I am trying to extract an xml attribute parsable-cite
from the text
tag. I am parsing an xml from the url "https://www.congress.gov/118/bills/hr61/BILLS-118hr61ih.xml".
The code I'm using is the following (Replit here https://replit.com/join/ohhztxpqdr-aam88) and writing here for convenience:
from lxml import etree
import requests
response = requests.get(url)
xml_response = response.content
tree = etree.fromstring(xml_response)
result = tree.xpath("//text[contains(., 'is amended')]")
for r in result:
external_xref = r.find("external-xref")
print(external_xref.attrib)
I get an error conveying that I'm accessing None
and that the xpath didn't find the search.
AttributeError: 'NoneType' object has no attribute 'attrib'
When I use the same code and instead use the snippet of the text node directly, I get the following:
text = b’<text display-inline="no-display-inline">Section 4702 of the Matthew Shepard and James Byrd Jr. Hate Crimes Prevention Act (<external-xref legal-doc="usc" parsable-cite="usc/18/249">18 U.S.C. 249</external-xref> note) is amended by adding at the end the following: </text>’
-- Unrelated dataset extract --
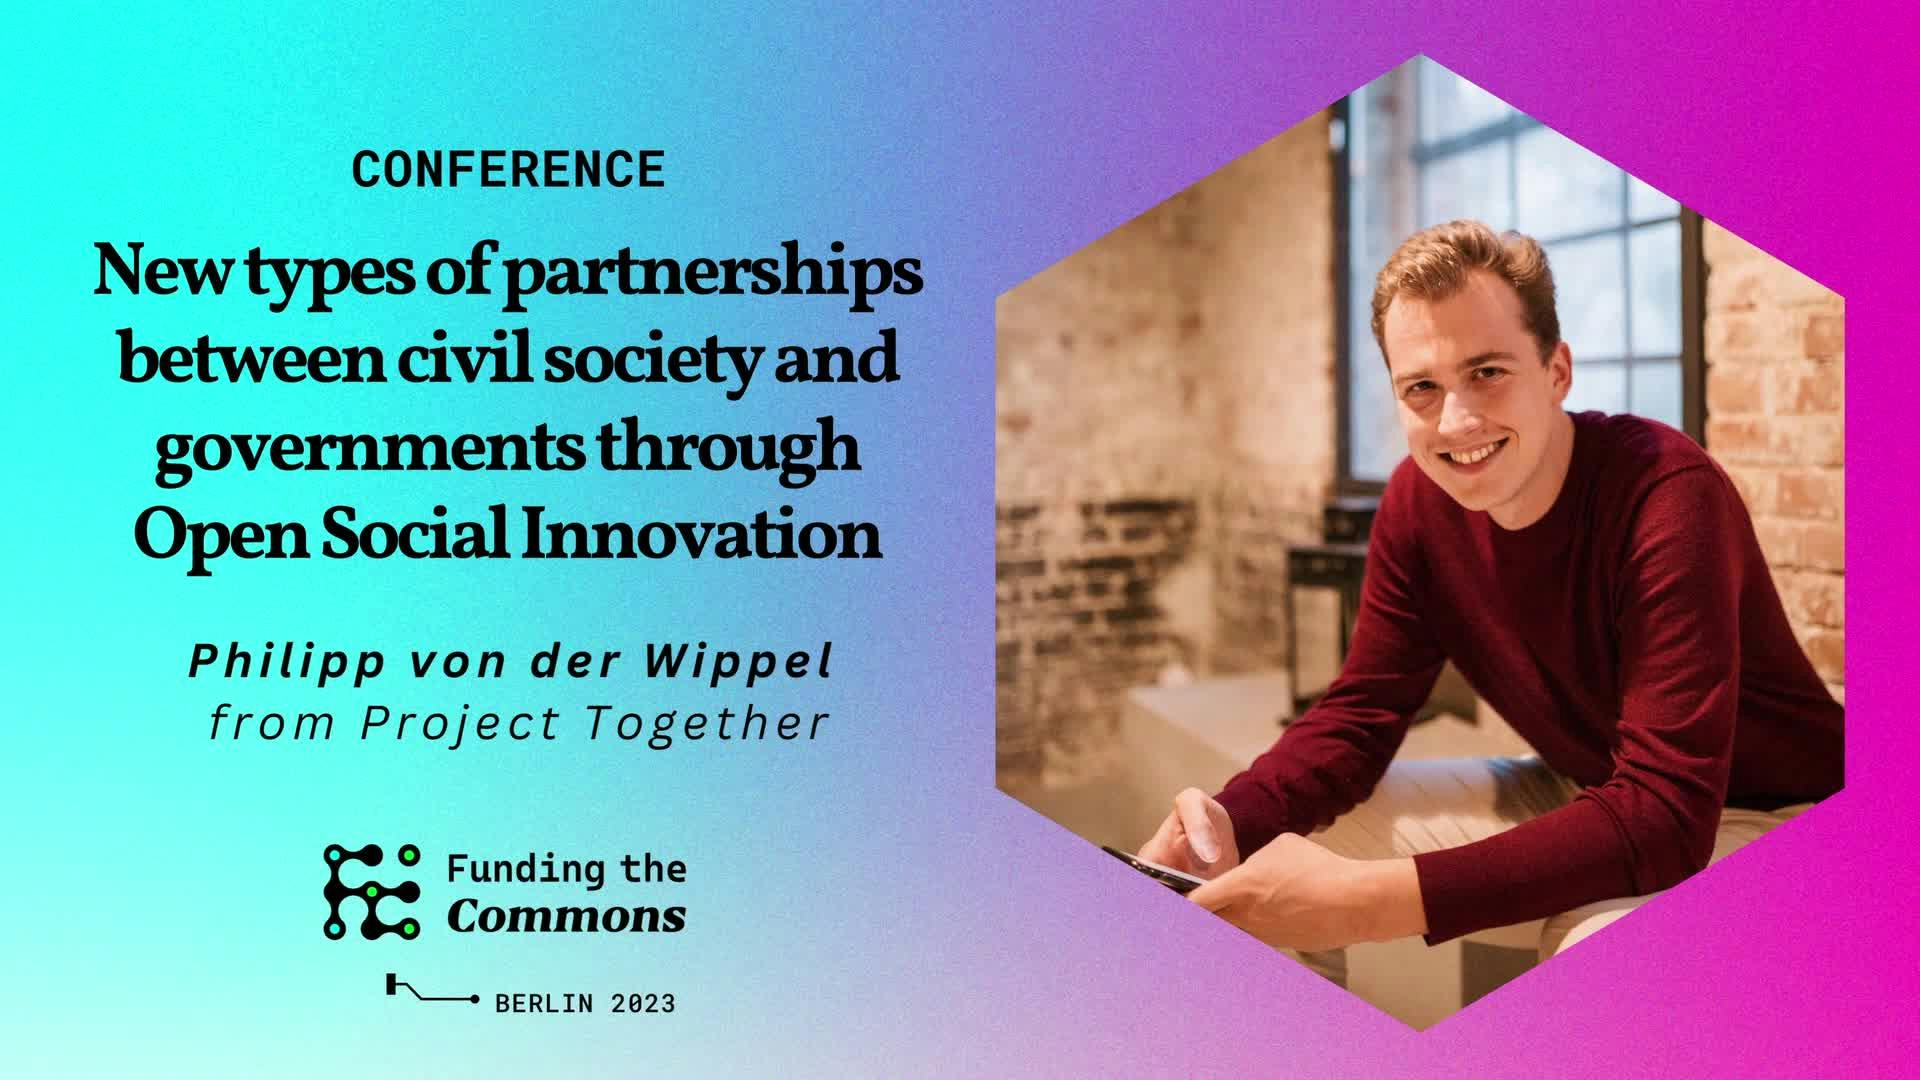 New types of partnerships between civil society and governments through Open Social Innovation

tree = etree.fromstring(text)
result = tree.xpath("//text[contains(., 'is amended')]")
for r in result:
external_xref = r.find("external-xref")
print(external_xref.attrib)
{'legal-doc': 'usc', 'parsable-cite': 'usc/18/249'}
The issue seems to come from processing the content from the url directly. Any recommendations on how to proceed?
Thanks
In https://www.congress.gov/118/bills/hr61/BILLS-118hr61ih.xml, there are two text
elements that contain the string "is amended". But only one of them (the second one) has an external-xref
child element.
The following update of the code will produce the wanted output:
for r in result:
external_xref = r.find("external-xref")
if external_xref is not None: # Check if there actually is an external-xref
print(external_xref.attrib)